Nerve Repair or Grafts
During a nerve repair, we reconnect injured nerves to restore movement in your face. Sometimes, we'll use a small piece of nerve from another part of your body (called a graft) to make these connections. The graft usually comes from either your neck or leg.
Similar to a nerve graft, a nerve transfer connects healthy nerves to injured facial nerves. During nerve transfer, we move a nerve from a different part of your face to the affected area. We usually use the masseter nerve on the affected side (it controls chewing). We might need to combine this with nerve grafts. We do this when the existing nerves in the affected area are too damaged for a repair.
We can only use nerve grafts and transfers if you’ve had facial paralysis for less than two years. With these treatments, you won't see results right away. It takes time for the nerve to regrow and work properly. Physical therapy after this surgery is helpful in training you to control your smile.
Muscle Graft (Gracilis)
In cases of long-term paralysis, nerve grafts and transfers don't work. When that happens, a muscle graft may help restore your smile.

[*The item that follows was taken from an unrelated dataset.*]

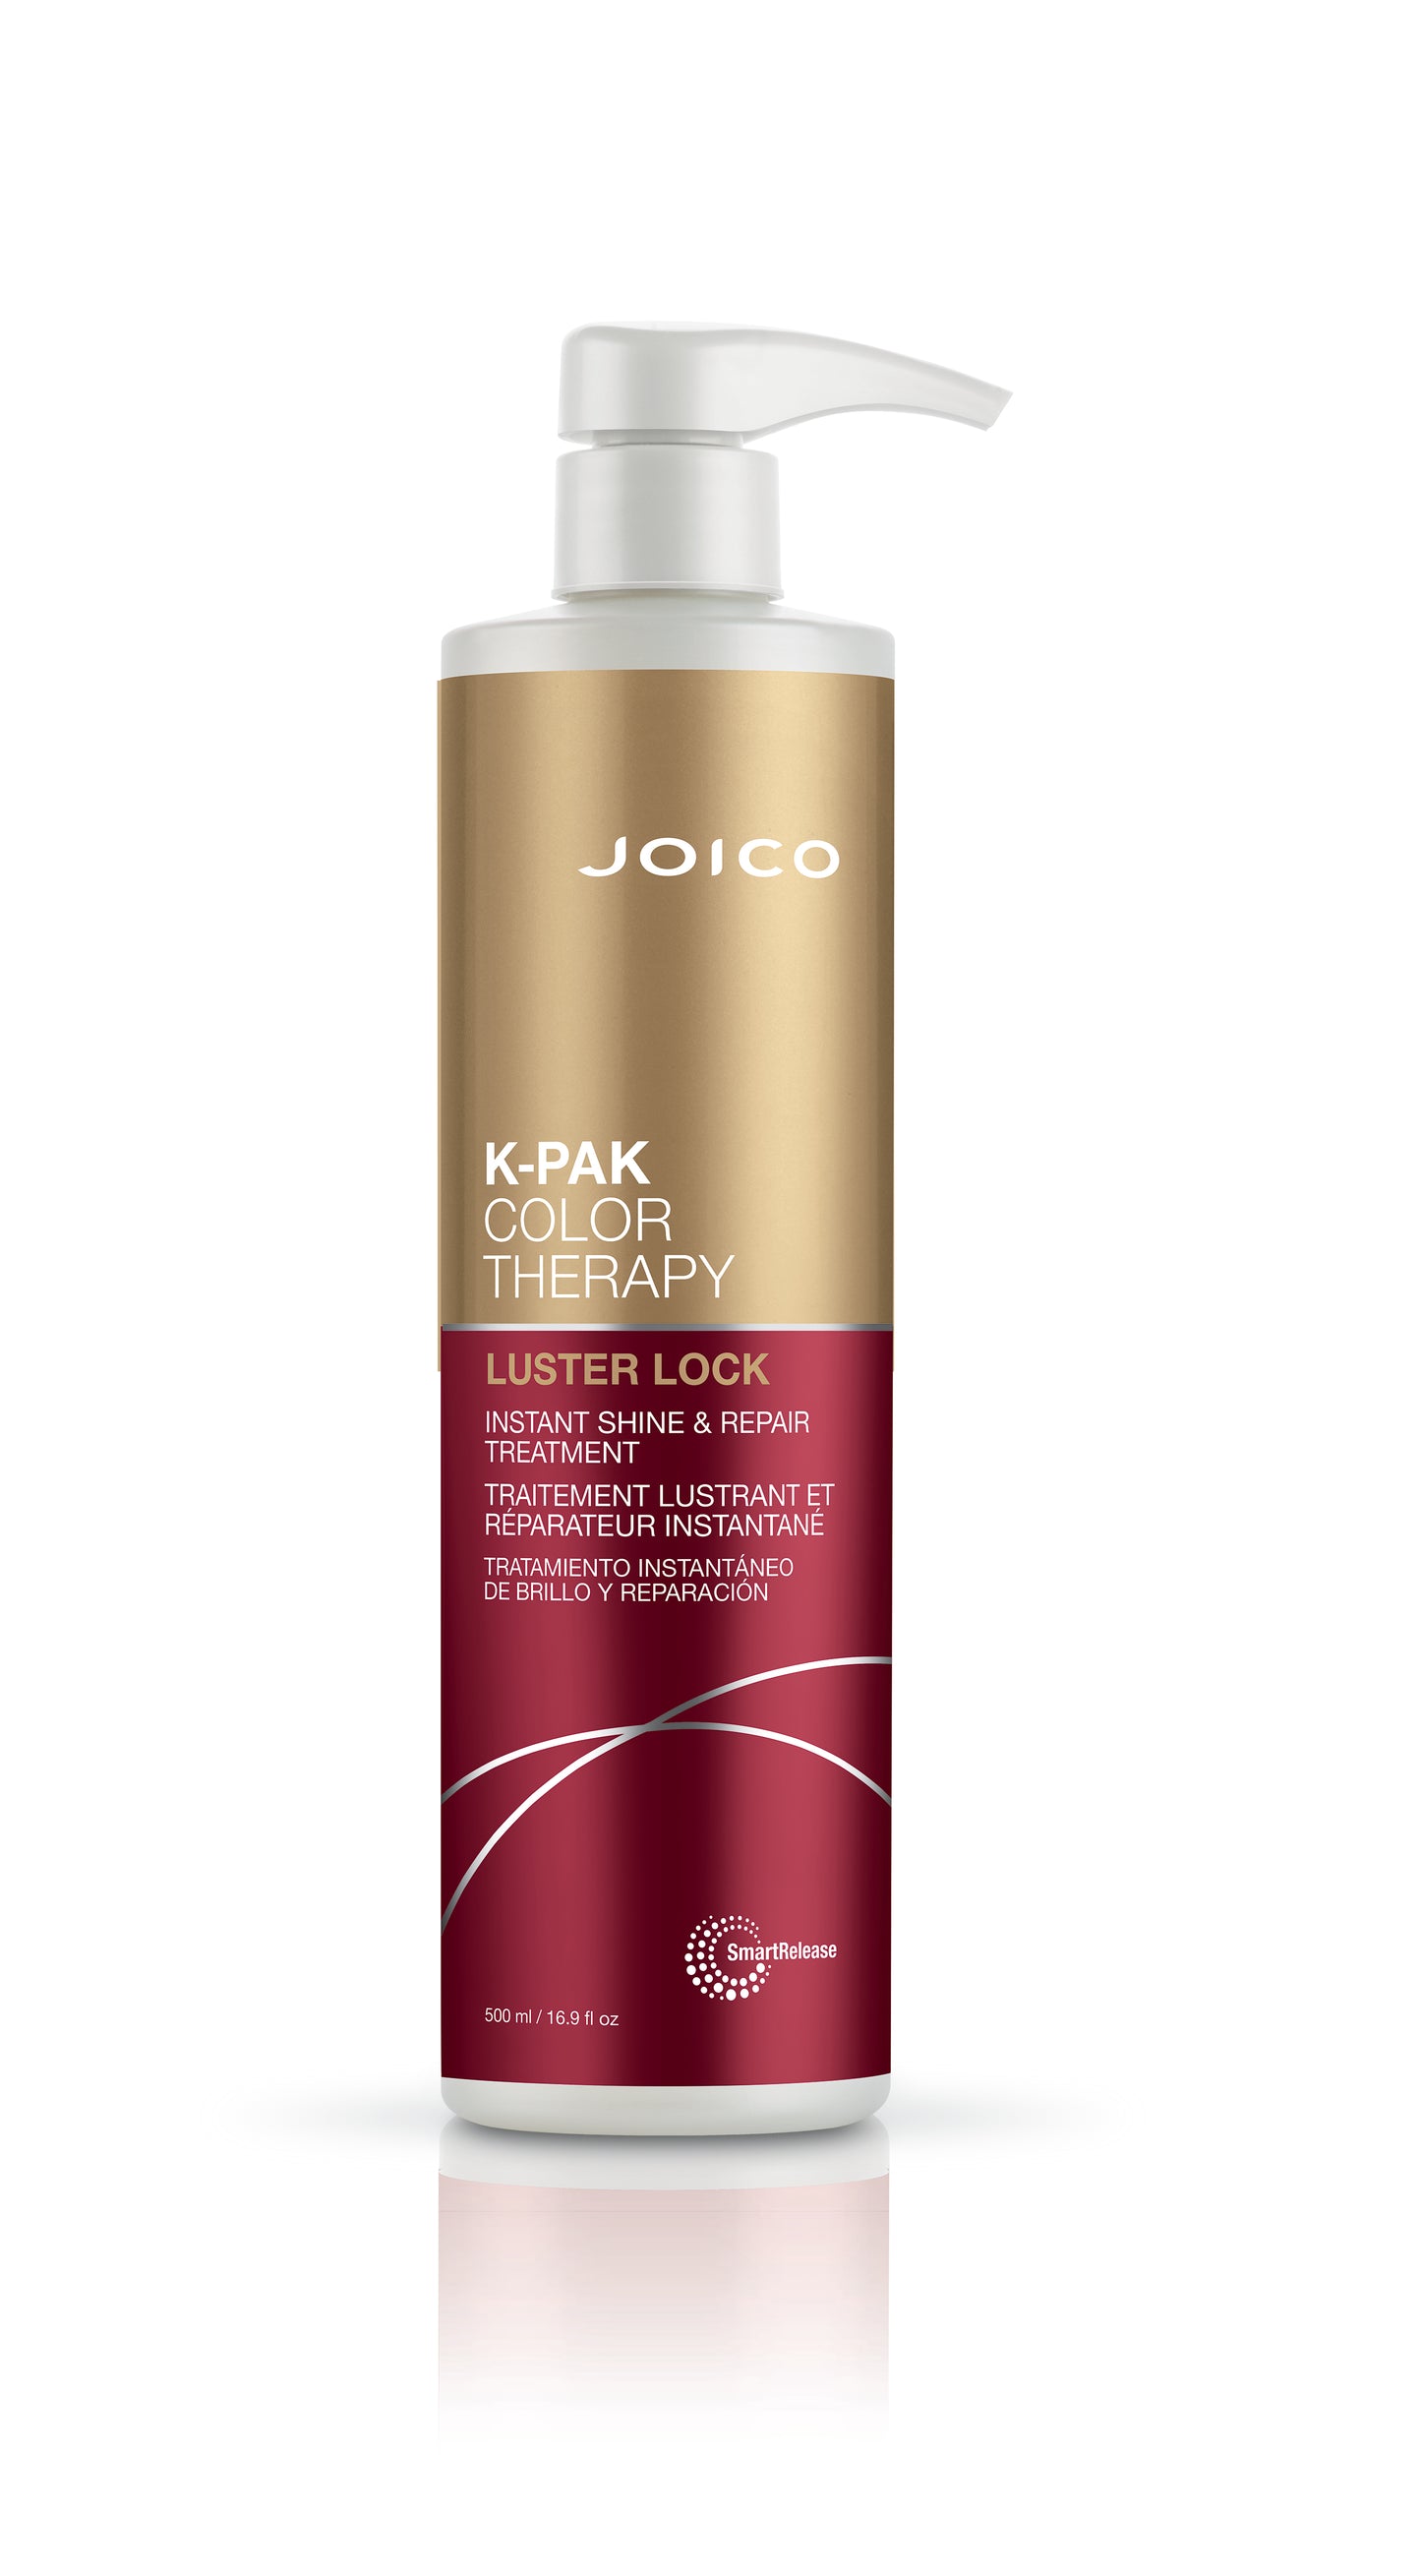 Trait Joico K-PAK Color Therapy Luster Lock 500ml

For a muscle graft, we transplant a small piece of the gracilis muscle to your face. It comes from your thigh. It replaces the action of paralyzed face muscle.
We connect the muscle graft to a nerve in your face. We either connect it to a nerve on the affected side of your face or to one on the opposite side. In some cases, it makes sense to connect it to both. Depending on your specific issues and goals, you may need more than one surgery for a successful muscle graft.

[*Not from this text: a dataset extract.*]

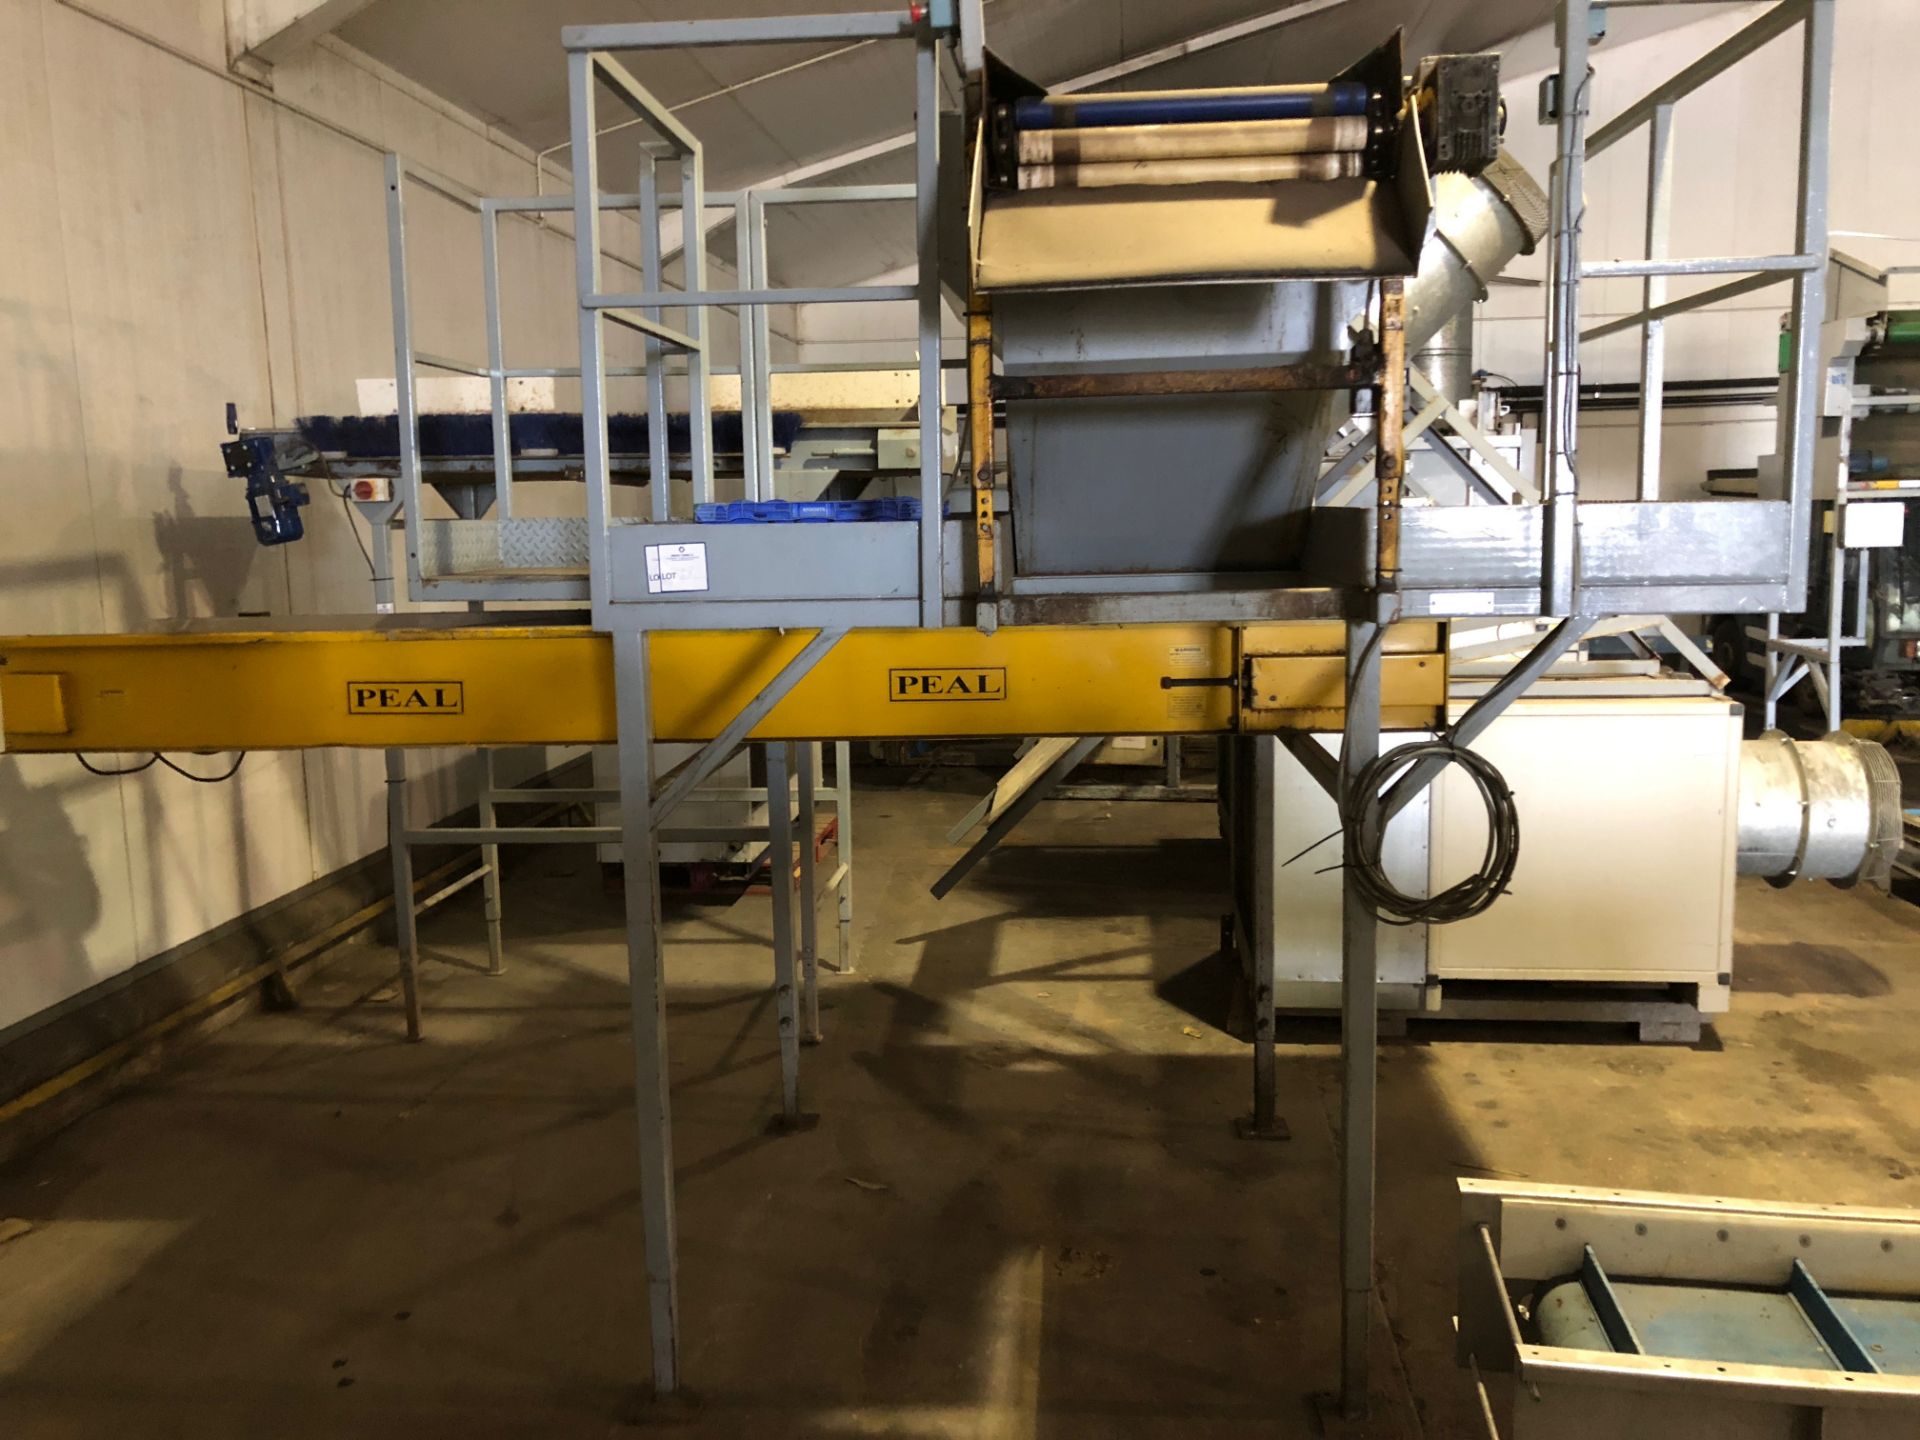 Peal inspection table with reject belt

It takes time for you to heal and connections to grow. Physical therapy can help you have a better outcome.
Temporalis Tendon Transfer
This procedure connects a tendon in your jaw to the corner of your mouth. This creates a smile when you clench your jaw. With this procedure, you'll see results immediately. You don't need to wait for nerves to grow. But you'll need some training and practice to get your face movement to look more natural.
Injections: Botox & Filler
We can use Botox to decrease movement in some parts of your face. This can help if you have twitching or uneven movement. It makes your overall face movement look more natural.

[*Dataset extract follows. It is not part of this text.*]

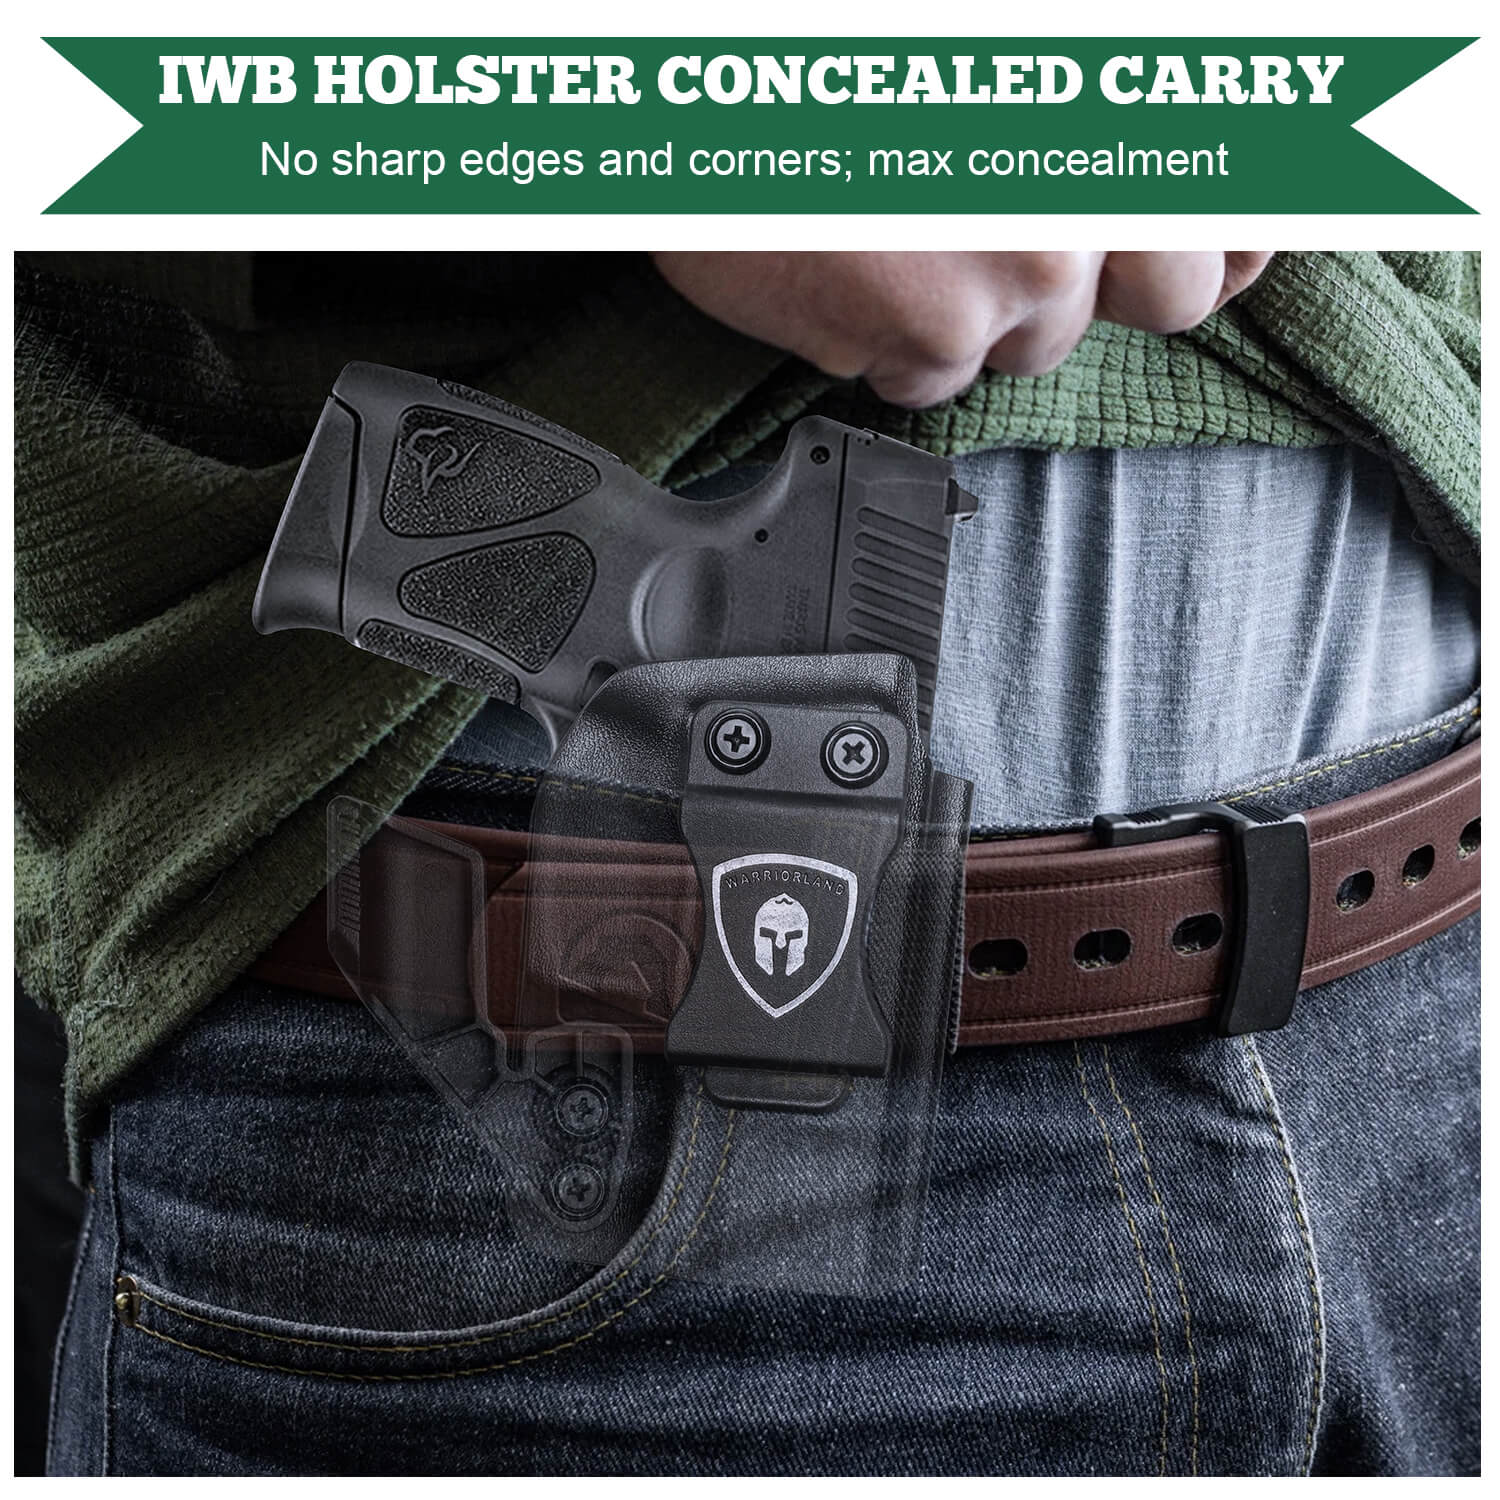  2 Pack Universal IWB Gun Holster for Concealed Carry, Inside  The Waistband Pistols Holsters, Fits All Firearms S&W M&P Shield 9/40  Taurus PT111 G2 Sig Sauer P320 Glock 17 19 26 27 42 43 : Sports & Outdoors

You may lose some face volume in during your paralysis. It may look thinner on one side. Facial filler adds more volume to your face. Filler can make your face look more symmetrical. Increased volume can also help you hold food and liquids in your mouth.
Our physical therapist specializes in facial retraining after paralysis. Along with other treatments, physical therapy helps get the way your face moves to look normal and natural.
Selective neurectomy is a surgery that helps with Bell’s palsy or synkinesis (involuntary twitching and spasms). A neurectomy cuts nerves in your face that cause unwanted, involuntary movement. It helps your face movement look more natural and intentional. It also reduces spasming or tightness in your face.
Static procedures, like brow lift, eyelid weight placement, lower lid lift, facial suspension, or nasal suspension, don't return movement to your face. Instead, they help return your facial symmetry. These can improve facial movements like:
- Closing your eye
- Breathing through your nose
- Eating without drooling
After Facial Reanimation
Your recovery and next steps depend on the procedures used. Some procedures, like injections, can be done in the office. You might have a quick procedure and go home the same day. Longer procedures might require a stay in the hospital.
You might not see results right away. It takes time for nerves to regrow and motion to return. We'll work closely with you during recovery to get you the best results we can.